Task instructions
Beginning with the line that contains "Набор метательных ножей", retype the entries below exactly, ending with the line that contains "MAMA & ICH Dusch". Leave out any pictures.

Records provided

┌────────

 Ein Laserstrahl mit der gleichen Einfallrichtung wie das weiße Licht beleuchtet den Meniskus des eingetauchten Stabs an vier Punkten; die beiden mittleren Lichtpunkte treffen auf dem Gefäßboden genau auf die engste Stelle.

└────────
┌────────

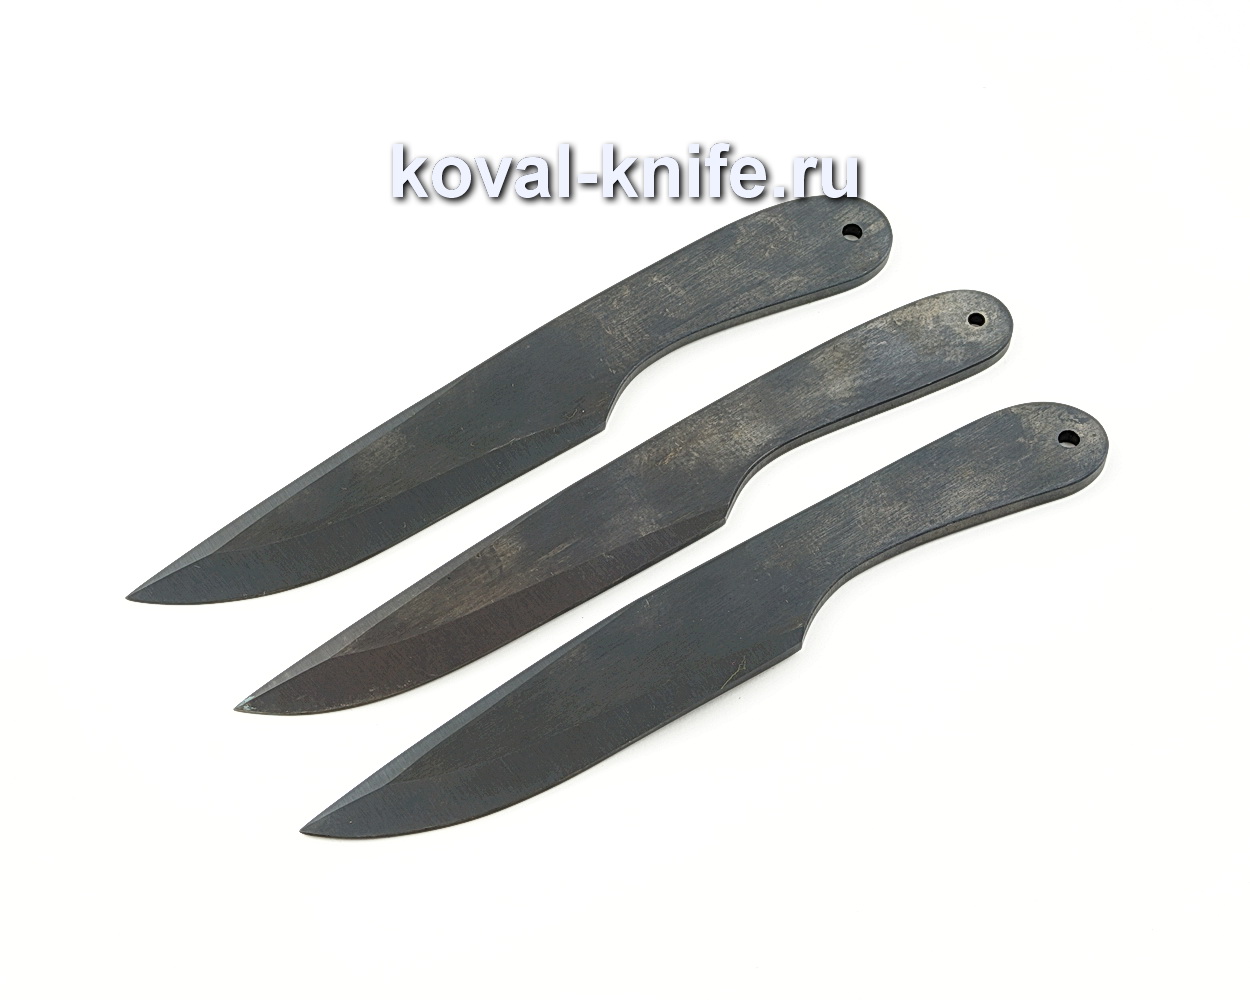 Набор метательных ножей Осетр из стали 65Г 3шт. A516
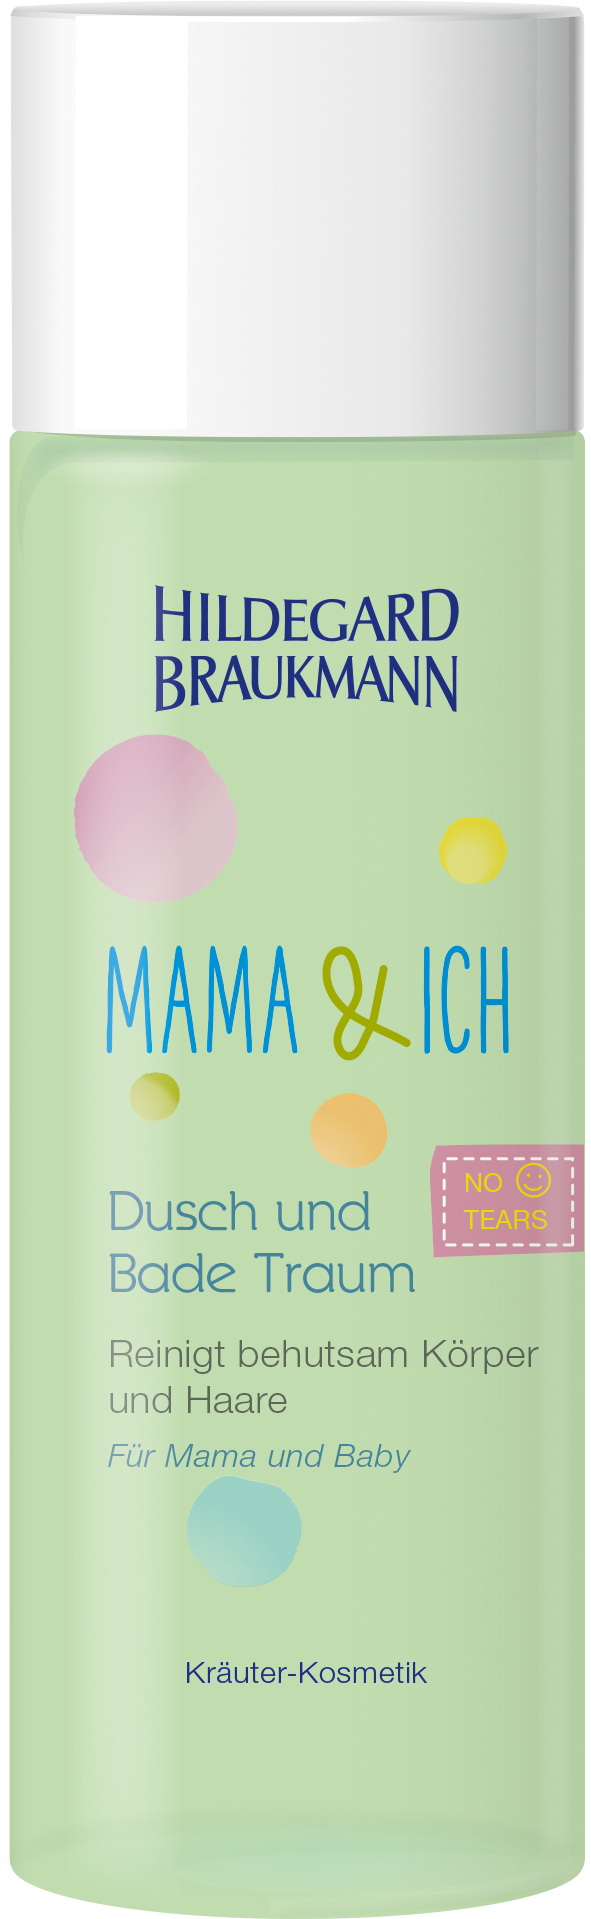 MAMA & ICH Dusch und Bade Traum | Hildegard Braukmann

└────────

Answer section
 Набор метательных ножей Осетр из стали 65Г 3шт. A516
 MAMA & ICH Dusch und Bade Traum | Hildegard Braukmann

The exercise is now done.